▶ [What is needed]: Only the pictures are dropped; the lines of the material that follow are returned exactly.

▶ [Available data]:
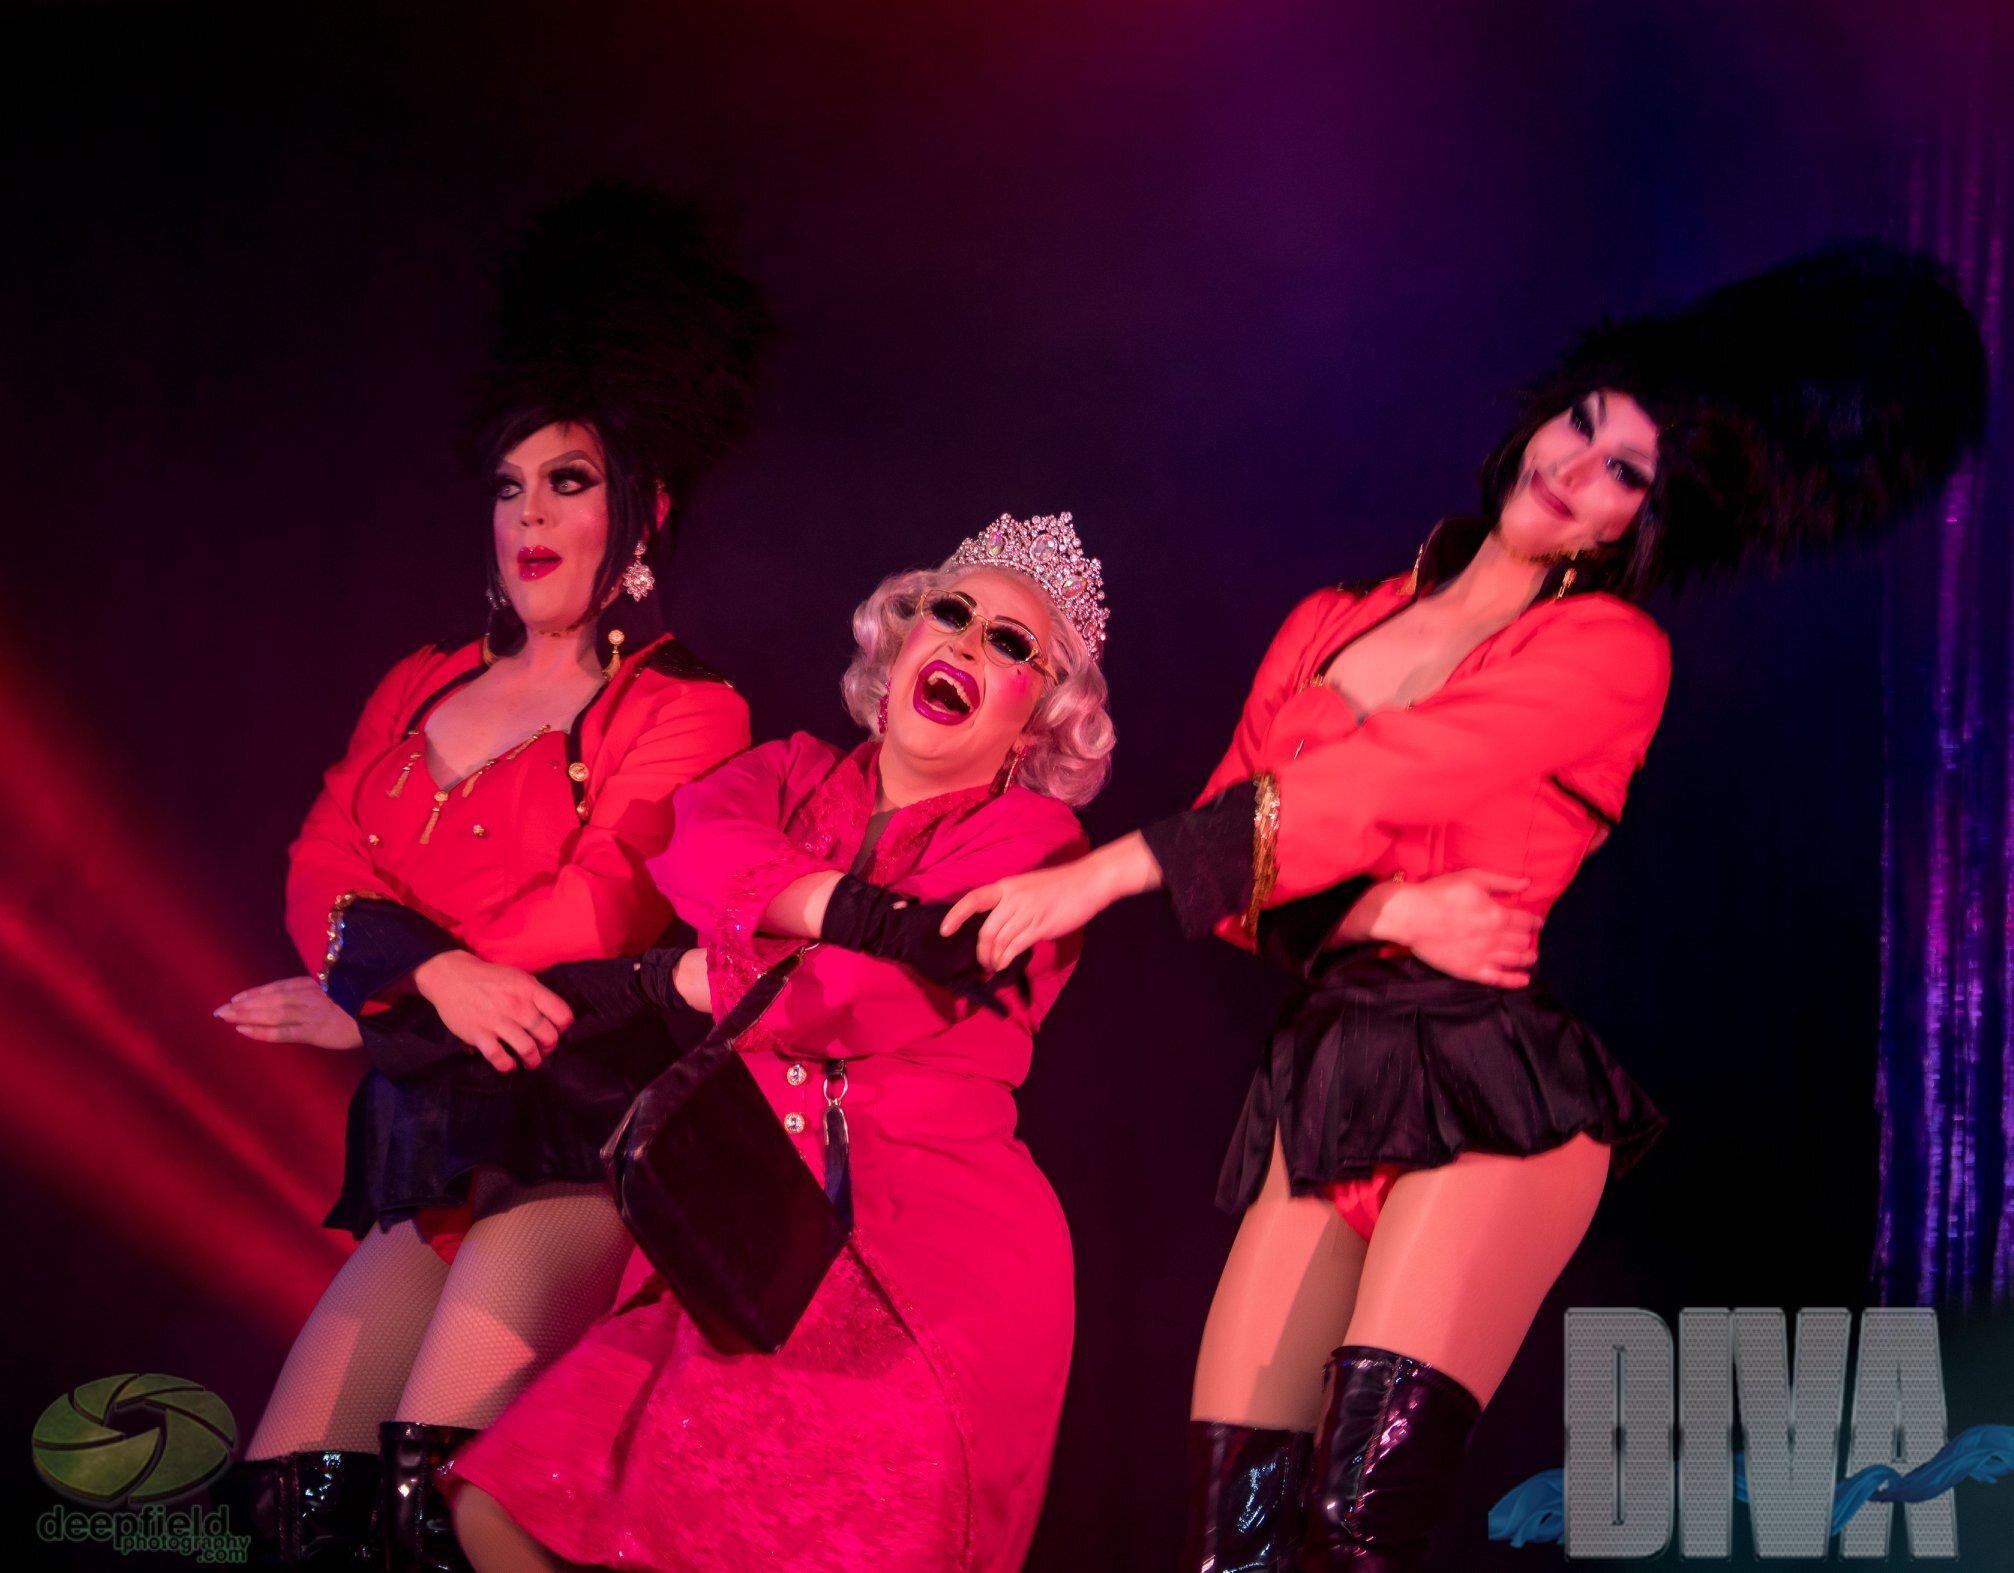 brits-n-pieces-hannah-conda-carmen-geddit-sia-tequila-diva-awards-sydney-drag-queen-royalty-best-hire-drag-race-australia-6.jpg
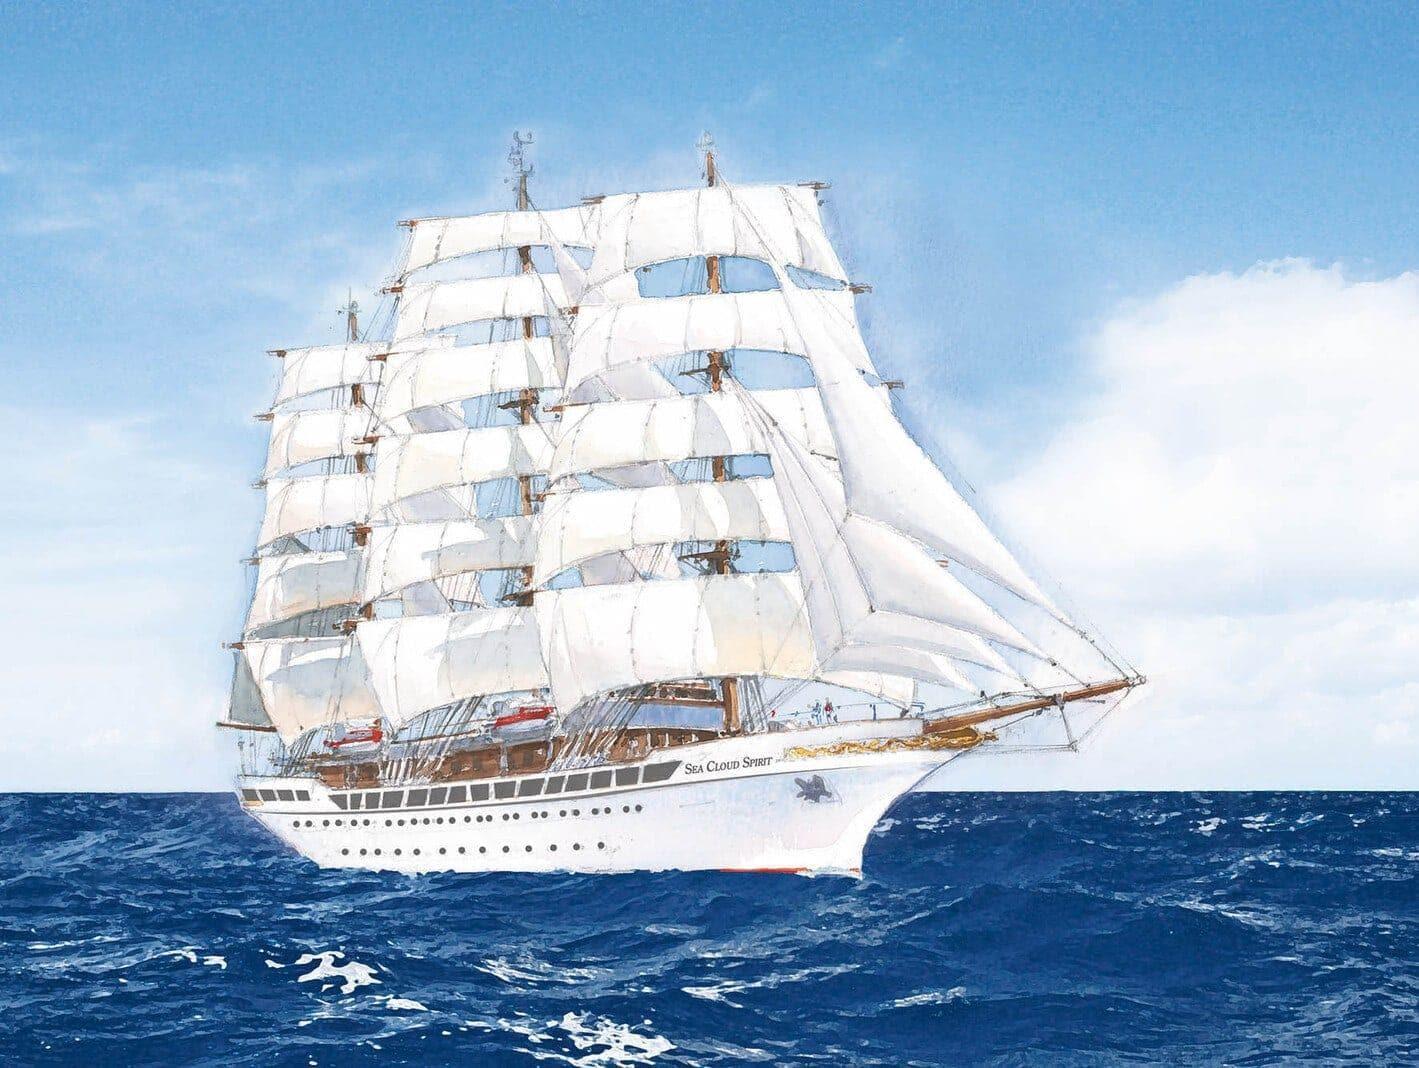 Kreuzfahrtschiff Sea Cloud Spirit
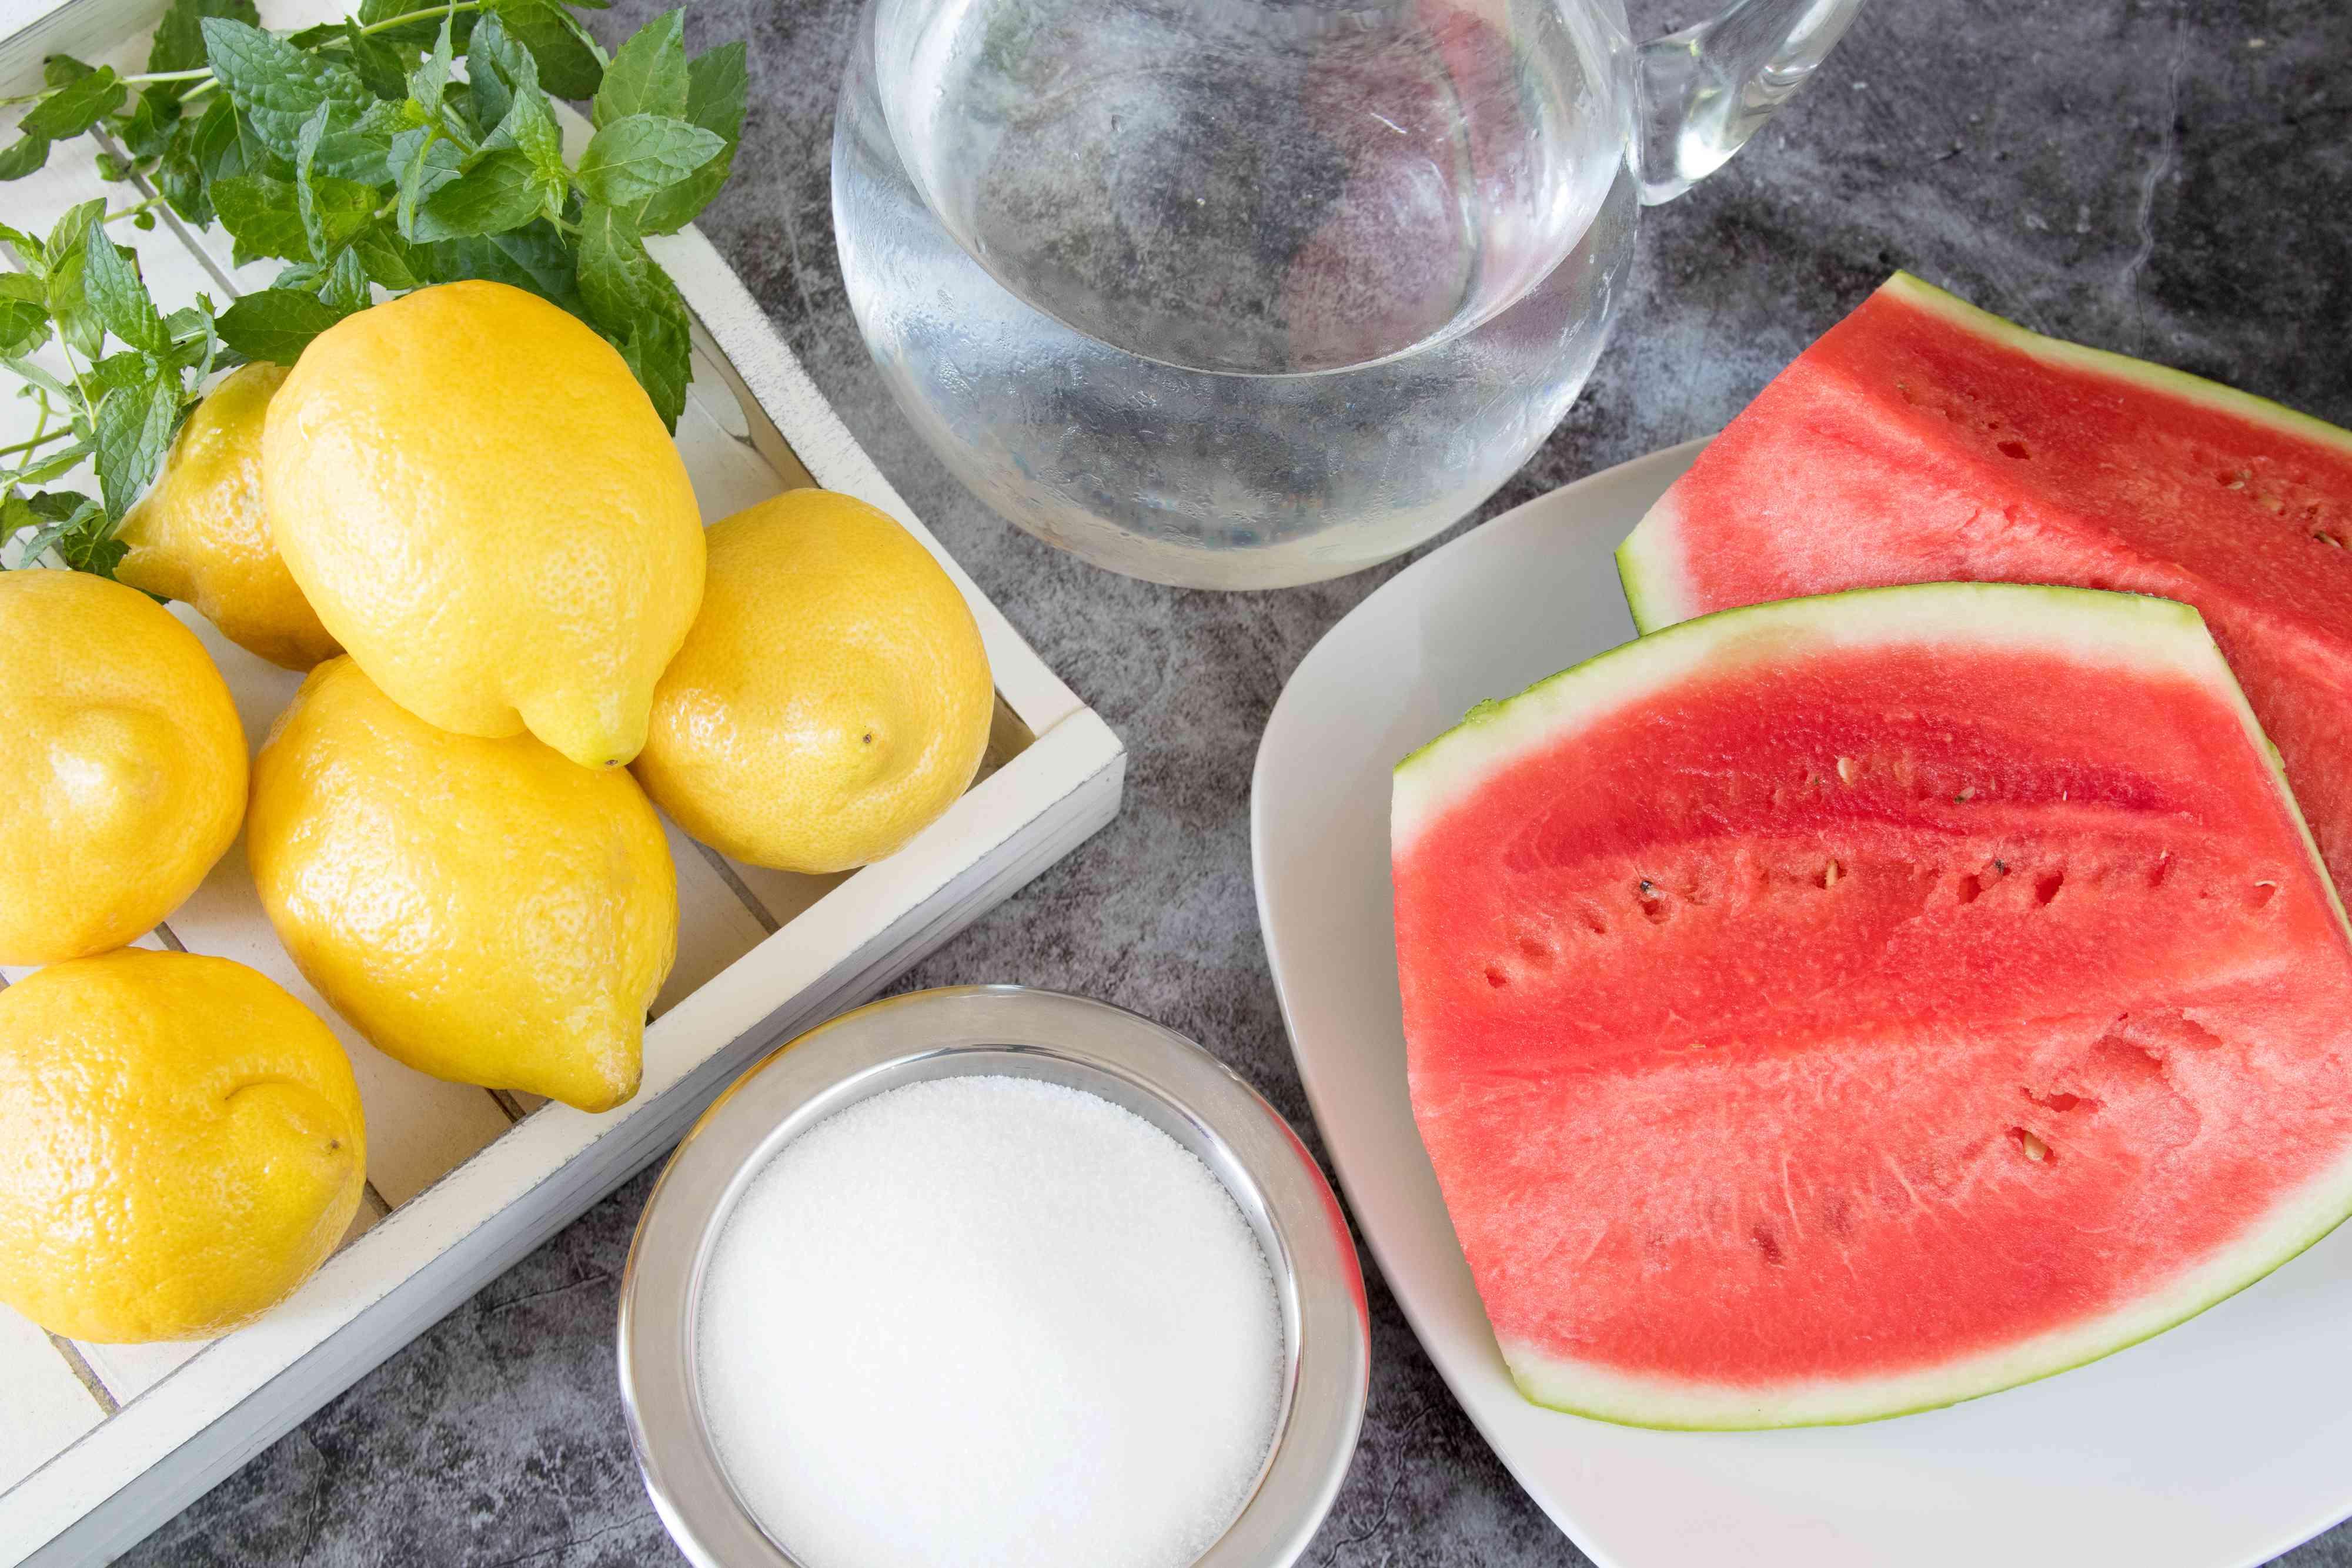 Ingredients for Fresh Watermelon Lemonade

▶ [The completed task]:
 brits-n-pieces-hannah-conda-carmen-geddit-sia-tequila-diva-awards-sydney-drag-queen-royalty-best-hire-drag-race-australia-6.jpg
 Kreuzfahrtschiff Sea Cloud Spirit
 Ingredients for Fresh Watermelon Lemonade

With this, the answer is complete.